This paper introduces the novel application of a FIS controller of an electric cooling system applied in enhancing historic building performance (i.e., electricity consumption and environment preservation), and presents the comparative investigation of traditional and intelligent cooling controls installed in a United Nations Educational, Scientific and Cultural Organization (UNESCO) World Heritage site building at San Antonio, TX. The ultimate goal of this comparative study is to describe the efficiency of both systems, traditional on/off and intelligent control implementing a FIS, in order to make the system more electrical energy efficient, provide a better thermal comfort for occupants and better preserve the buildings and the artwork housed in it. This paper also attempts to contribute to this field by linking historic building preservation strategies with artificial intelligence systems to control the indoor building environment.

2. Materials and Methods

2.1. Studied Church Description

The church at Mission la Purisima Concepción de Acuña is the building used in this research and it is located in San Antonio, Texas (USA). The city has a Cfa-Humid Subtropical Climate and has a Bsk-, Semi-Arid Climate bordering on the west of the city, according to Köppen classification [34], and is 240.5 m above sea level. The annual average temperature is 20.5 °C and temperatures can be as low as 11 °C in the coldest months and can reach as high as 29.5 °C during the hottest months.

Mission Concepcion was constructed in 1755 of local materials extracted from a nearby quarry. These materials included limestone, which was used for the construction of the surrounding walls of the complex. These walls stand over 6 m tall and are almost 1.50 m thick, and the only solid limestone features are the interior (60 cm) and exterior (84 cm) walls. A white lime-based plaster cover was used for the interior walls and the center of the building walls contain a rubble stone fill, along with wood framed windows and moldings with single pane glass and wood panel doors.

The church was built next to the San Antonio River as the center of a self-sustainable religious complex. The proximity to the river provided irrigation and the nearby military at the Presidio San Antonio de Bexar provided protection and safety for the site. The Mission is the oldest unrestored stone church in the United States; it became part of the San Antonio Missions National Historical Park in 1978 and has been a UNESCO World Heritage Site since 2015.

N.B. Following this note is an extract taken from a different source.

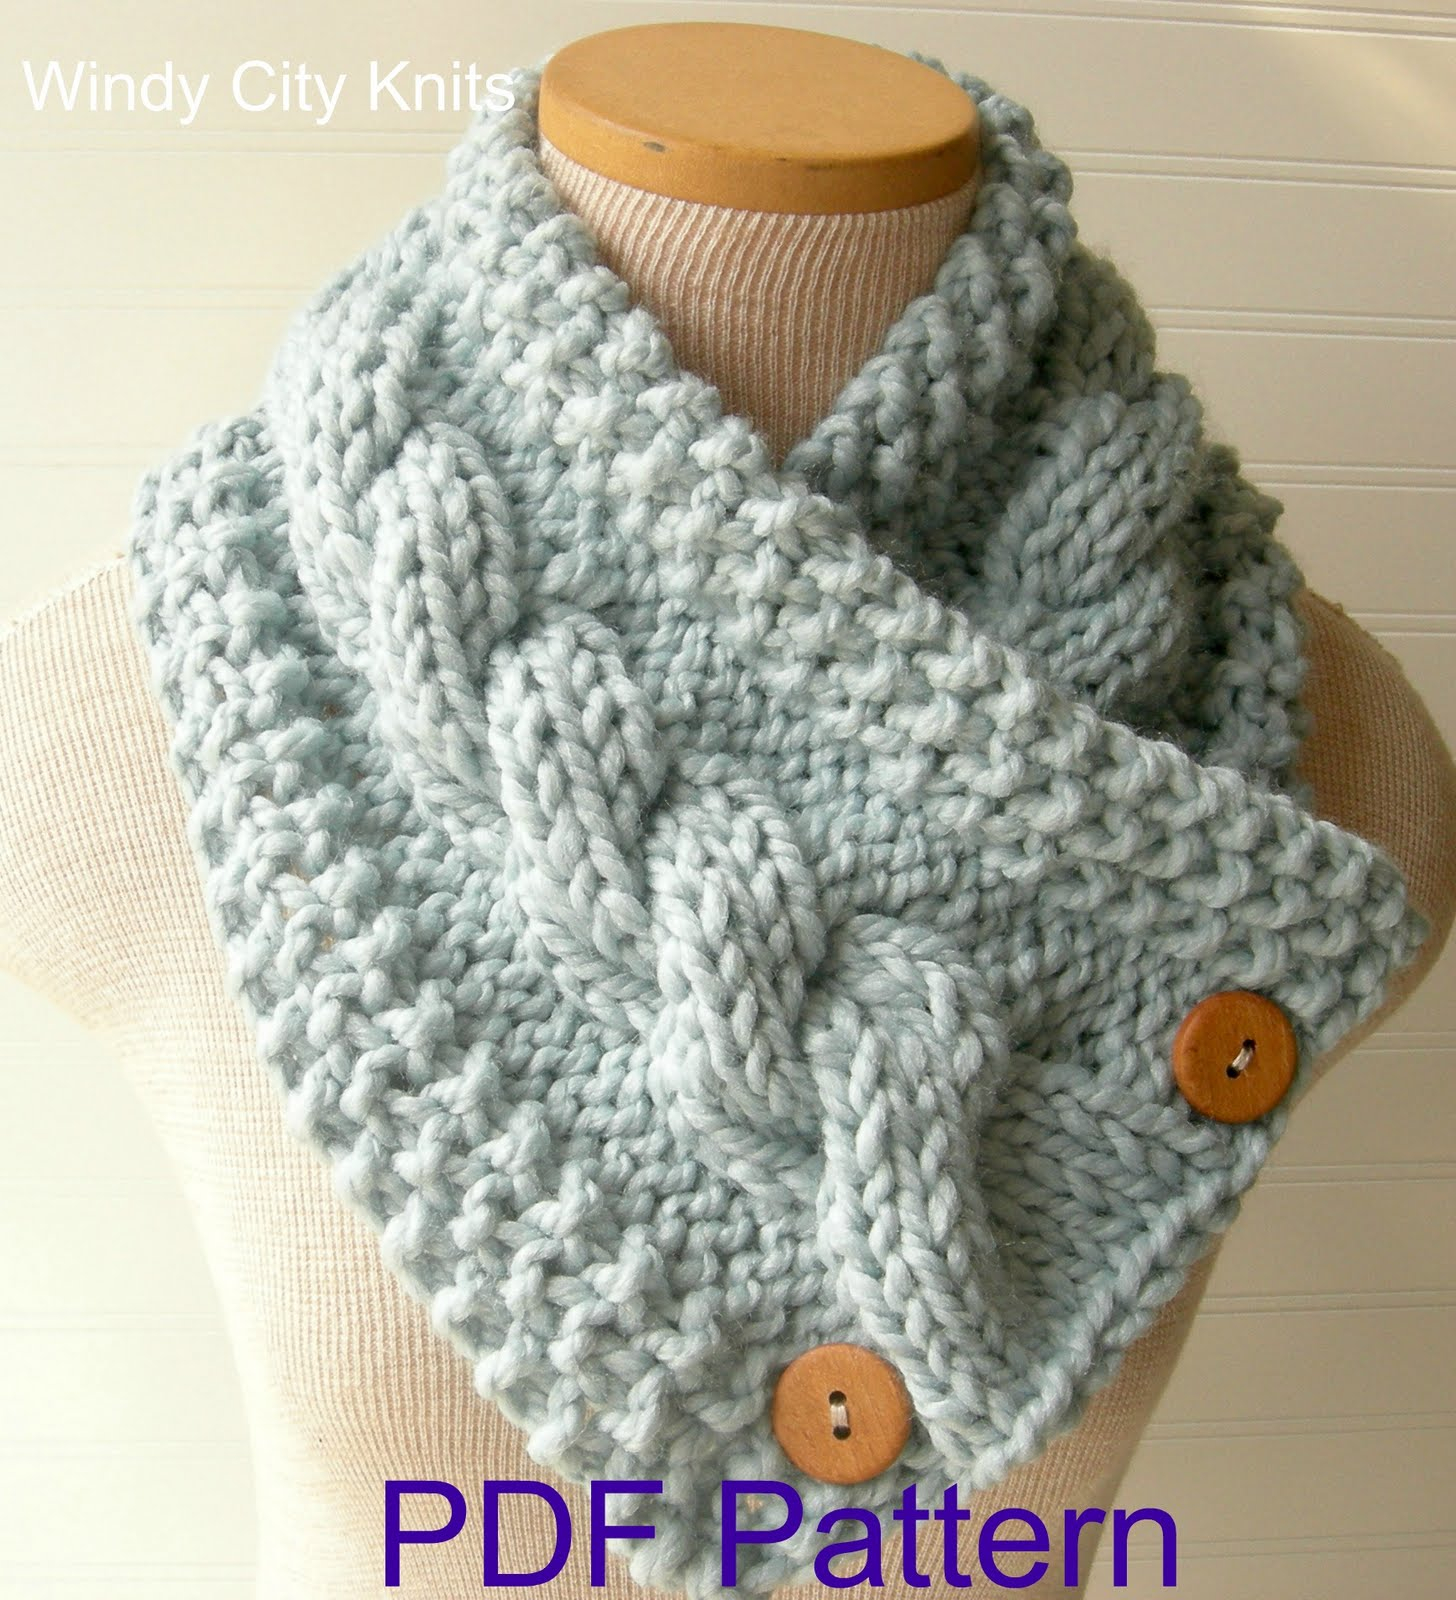 Cable Knit Scarf Pattern Free Windycityknits Knit Cable Cowl Scarf Pattern Pdf

The main entrance of the church leads into the Nave, which holds 11 rows of pews that seat 5 to 6 people on each side and approaches the Chancel and the Sanctuary. Directly to either side of the main entrance along the Nave are the Baptistry, located directly to the right, and the Tower Room, located directly to the left. The two bell towers are located directly above these two rooms, framing the entrance, and are each approximately 18 m tall. There is a vaulted dome ceiling in the center of the Transept and the Sacristy is located to the right of the Transept. It houses the only window on the east side of the Church and leads to the back exit/entrance of the church. There are also inoperable windows located directly above the main entrance on the west side of the church as well as in the Baptistry and in the Tower room (Figure 1).

The Church has massive infiltrations due to the very low airtightness, which allows the building to be naturally ventilated. In addition to these passive systems, there is a split system heat pump that is made of scroll air-conditioning compressor assembly, an air-cooled coil, propeller-type condenser fans, and a control box. The cooling system has a constant setpoint of 22 °C and is operated 24 h per day, 7 days a week, and conducts weekly mass services on Sundays at 10:00 and 12:00.

2.2. Environmental Monitoring

A series of data loggers were strategically placed throughout the building to monitor temperature (°C) and relative humidity (%) during the cooling season (July to October 2019). Six temperature and relative humidity indoor sensors and one temperature and relative humidity outdoor sensor were placed in planned locations according to the requirements of The American Society of Heating, Refrigerating and Air-Conditioning Engineers (ASHRAE) 55 [35] (at least 1 m away from external walls and height at least 1.10 m from the ground) and the prescriptions of ISO 7726 (2012). These sensors were located far from light fixtures and windows to avoid incorrect measurements due to the additional heat. The data loggers were also installed out of people’s reach as another precaution to prevent tampering or theft and to maintain the historic architectural and material features of the mission (Figure 2).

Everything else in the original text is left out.